We’re Living In The ‘Age Of Terror’ (But Honestly, It’s Mostly In Our Heads)
Neuroticism has spread to an entire generation. It’s not just an outbreak of paranoia, it’s a moral epidemic which sparks tension, which sparks anger, which sparks hatred.
There’s nothing new about terrorphobia, or is there? Despite threat narrative change, we can’t help but be shaped by it. We are still living in an age of terror, unknowingly cultivating a climate of unreason.
Just like love, fear is a rudimentary emotion that is rather obscure. It is also a part of our DNA package. As a receptor, fear exists within us for reasons beyond our will, unlike phobias that exist by our choice alone.
Phobias of some very low likelihood may be seen as less relatable, like taphophobia (the fear of being buried alive) or coulrophobia (the fear of clowns), yet terrorphobia is surprisingly relatable and human. Moreover, it has a cause of its pervasive, systematic persistence.
Even though terrorism in Europe has been in decline since 1980s, as stated by The Global Terrorism Database (GTD), ISIS keeps our terrorphobia alive, as it has been named the top threat in a total of 18 countries surveyed by Pew Research Center.
Given the extremely manipulative nature of terrorphobia, it distracts us from understanding ourselves and the world in general.
Terrorphobia was and still is part fabrication and part overreaction that to a certain degree serves the interests of politicians, acknowledges John Mueller in his book “Overblown: How Politicians and the Terrorism Industry Inflate National Security Threats, and Why We Believe Them.” He believes that a threat that is real but likely to prove to be of limited scope has been massively, perhaps even fancifully, inflated to produce widespread and unjustified anxiety.
John Horgan, a terrorist expert, backs up Mueller’s words, adding that Jihadists benefit from our fear too. “ISIS don’t just want to frighten us or get us to overreact, they want to be always in our consciousness so that we believe there’s nothing they won’t do.”
The rise of terrorphobia across the United States is a chilling echo from the nation’s past (Al Qaeda’s post 9/11) that misled us over the War on Terror and its fatalities: war profiteering, not to mention an all-time high government spending for both military and social purposes that contributed massively to the economic woe, adding $2 trillion to the debt as of the FY 2018 budget. “The immense costs, the self-inflicted wounds we suffer from it, and its permanently perceived inadequacy in comparison with the threats it forces us to imagine are more destructive of our national life than the damage terrorists are likely to inflict,” claims political scientist Ian S. Lustick at the University of Pennsylvania.
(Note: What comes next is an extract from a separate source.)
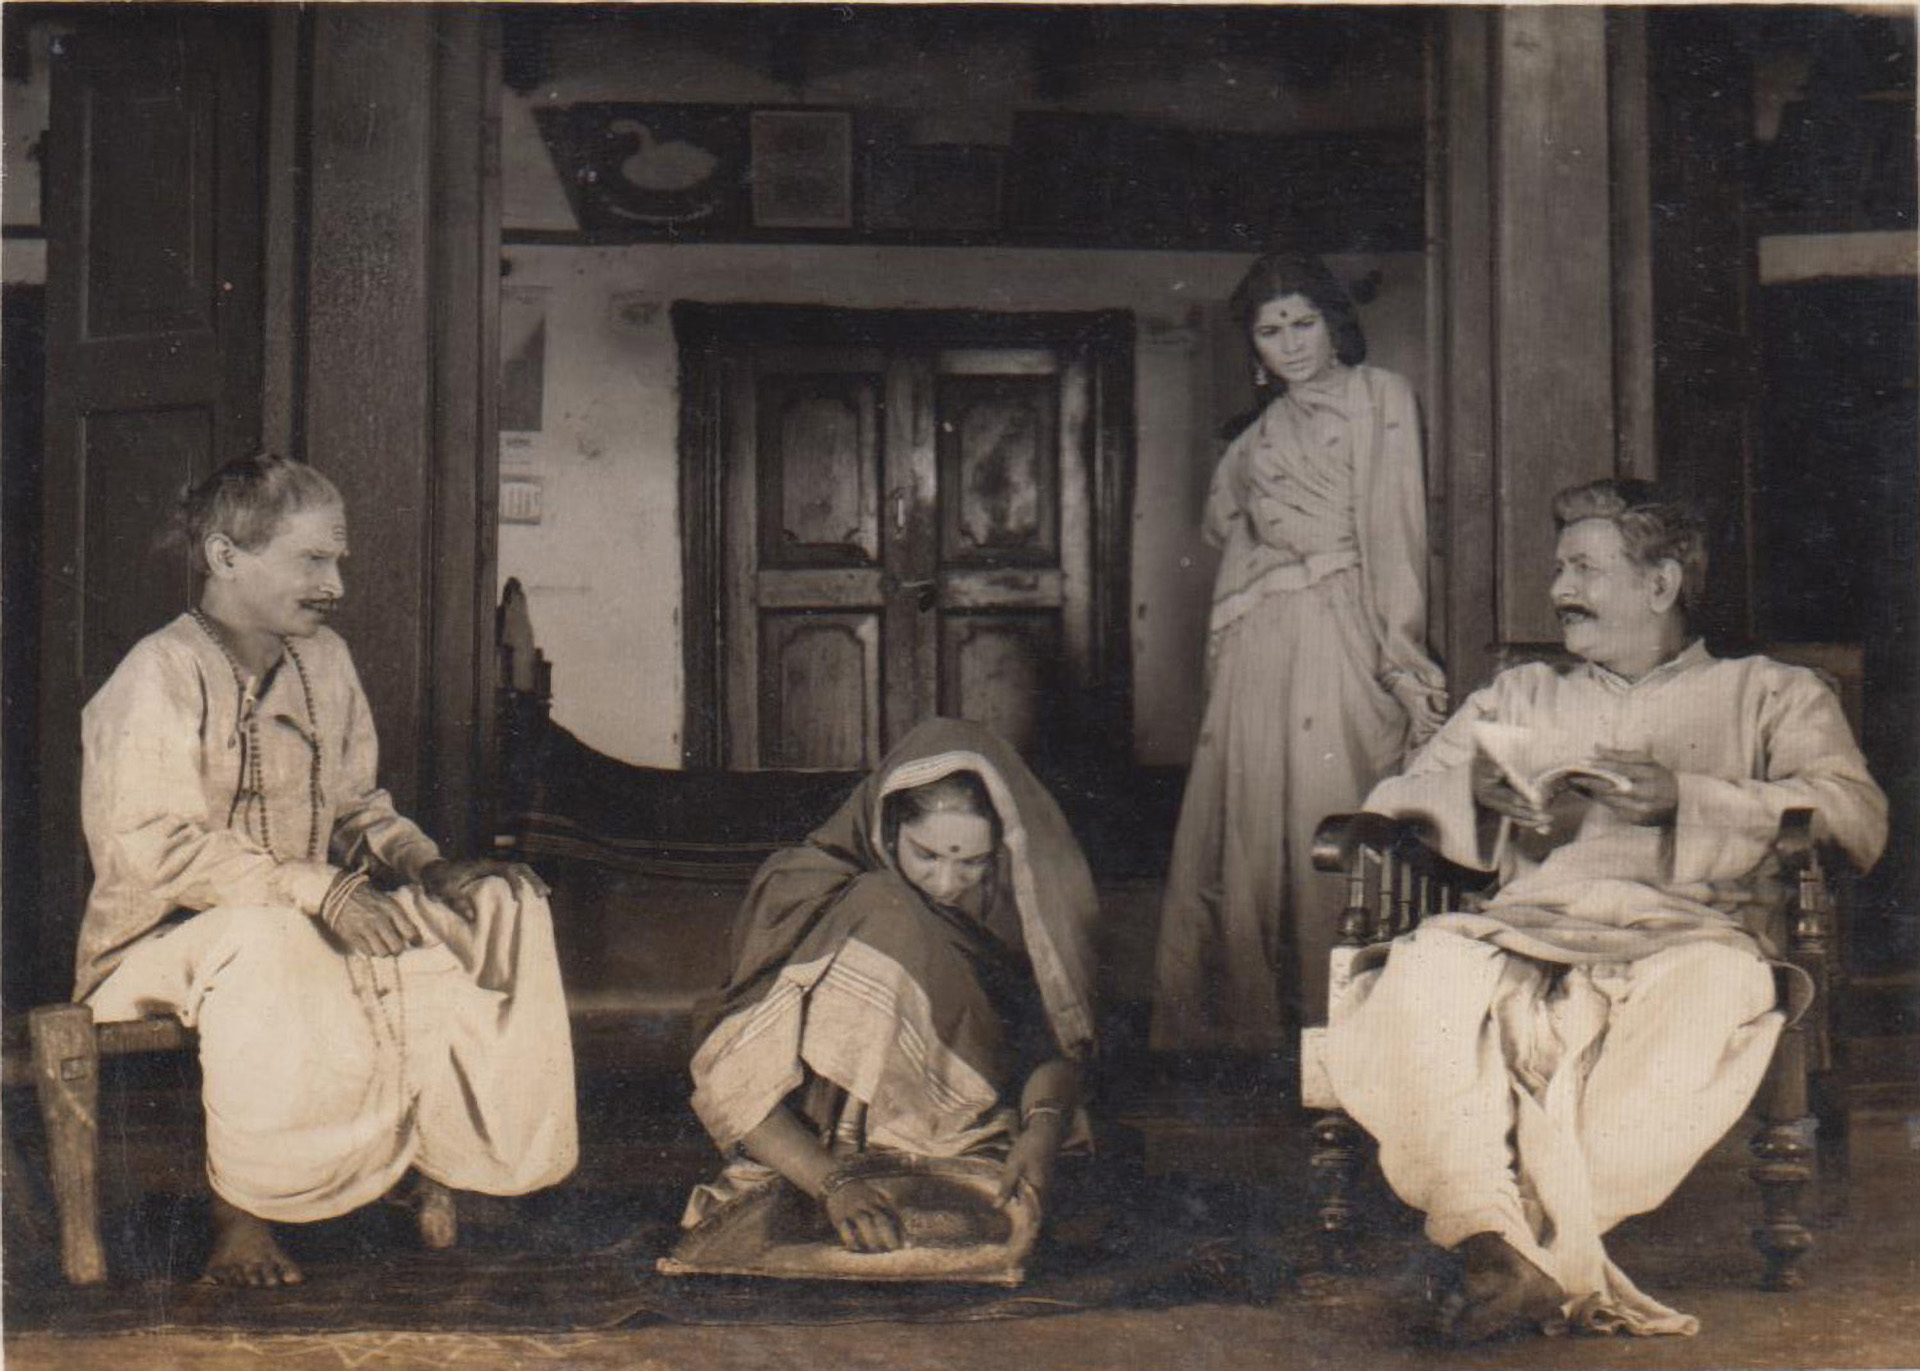 How the first Chhattisgarhi film questioned caste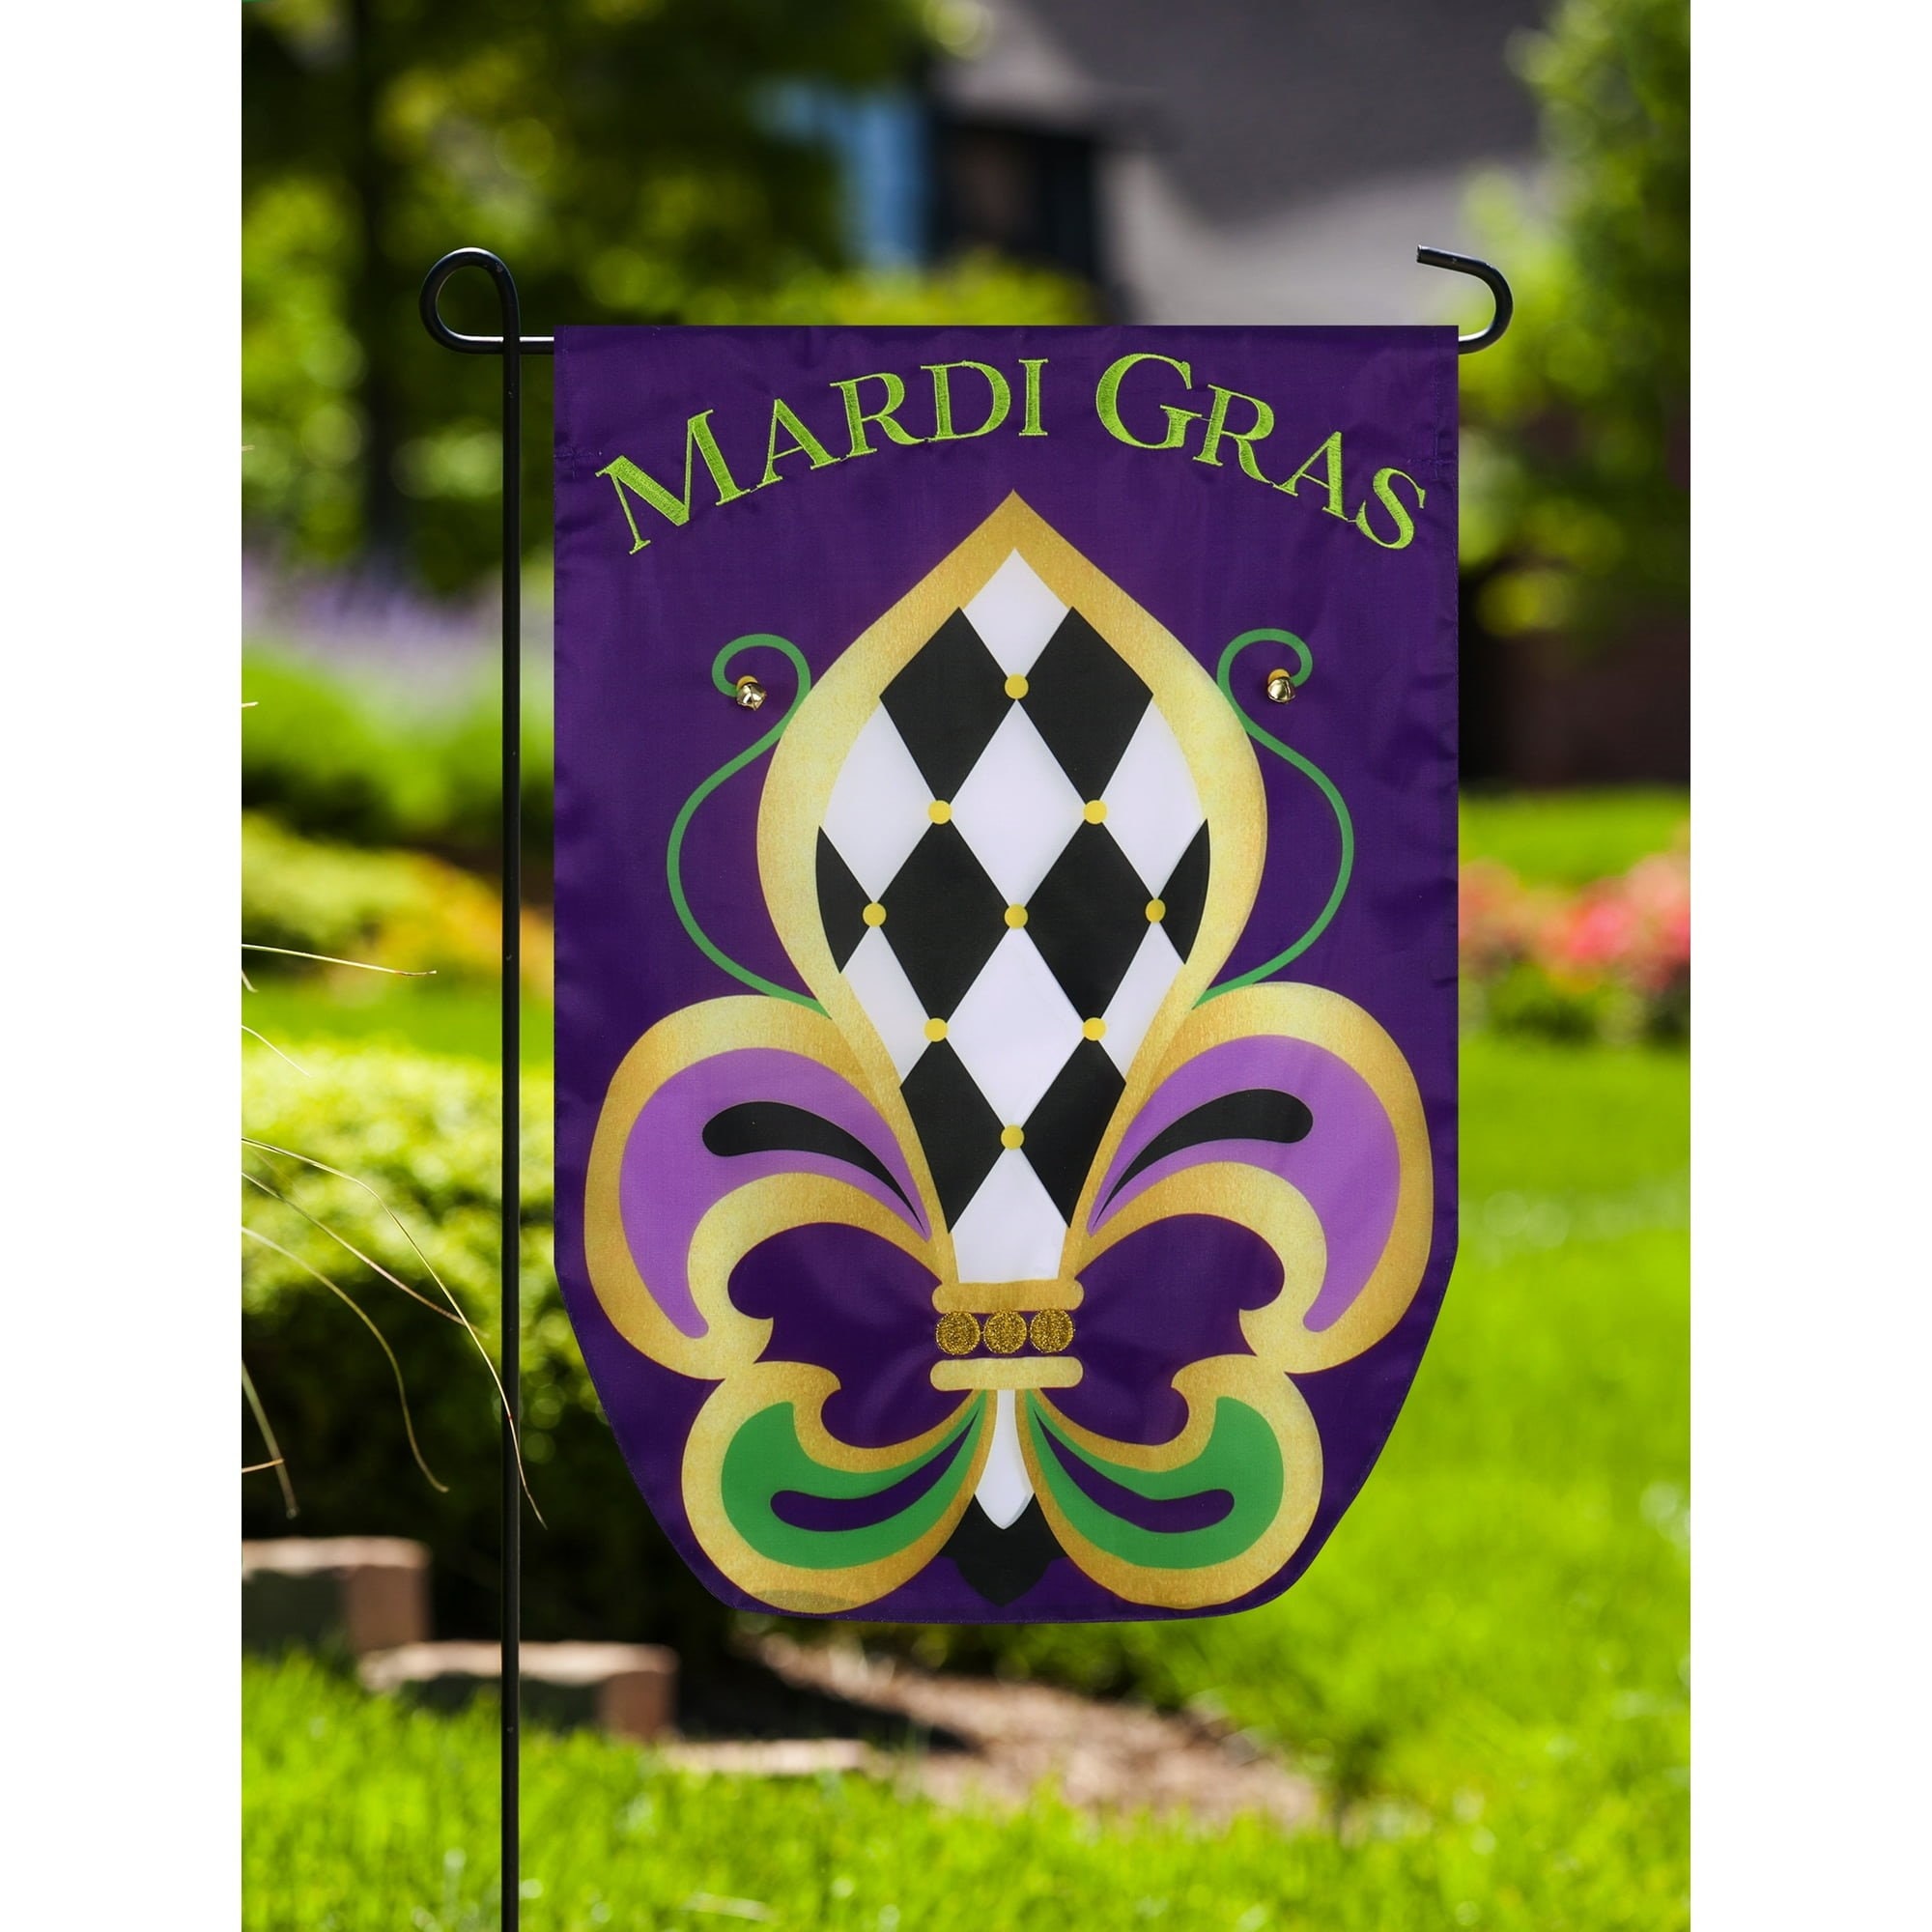 Mardi Gras, Ornament, Fleur de lis, Jester, Parade, Nola, Christmas tree,  Louisiana, Harlequin, Wholesale Available,Drez, Made in USA

The fact that we, either individually or collectively, substitute fact-based thinking for a fear-based one can’t get any worse.
According to sociologist Barry Glassner, the author of “The Culture of Fear”, we have been sucked into the culture of endless intimidation, a projection of which is, for the most part, false. “The short answer to why Americans harbour so many misbegotten fears is that immense power and money await those who tap into our insecurities and supply us with symbolic substitutes,” he notes.
Media can change the zeitgeist overnight. Notwithstanding that the exposure to mass trauma (hence terrorphobia) through the media is indirect, it is socially contagious.
“Television news programs survive on scares,” Glassner adds, justifying concern over oppressive fears. “Disproportionate and unverified coverage in the news media plainly has effects on readers and viewers. On local newscasts, where producers live by the dictum, “If it bleeds, it leads,” drug, crime, and disaster stories make up most of the news portion of the broadcasts. All the more misleading, the newscasts consistently give the impression that murder and other serious crimes are rampant in places where they are rare.”
Regardless of the grim reality presented here and there, be it a terrorphobia or any other panic-fuelled phobia, it is a by-product of our negative core belief. The fear of germs or spiders is more likely to be tamed with exposure therapy, domesticating the fear of Muslims is surreal, since “pacifist Muslim” it still is a hard-to-grasp concept.
Neuroticism has spread to an entire generation. It’s not just an outbreak of paranoia, it’s a moral epidemic which sparks tension, which sparks anger, which sparks hatred. We can blame social, economic and political forces that have in a sense promoted conflict instead of cooperation, or blame state-owned media for instilling Islamophobia in the population whilst adding more fuel to the fire of extremism frenzy; however, each and every one of us remain quintessentially responsible for creating the mania by fearing our fear in the first place. We let the new bogeyman in our minds, therefore only we can let it out.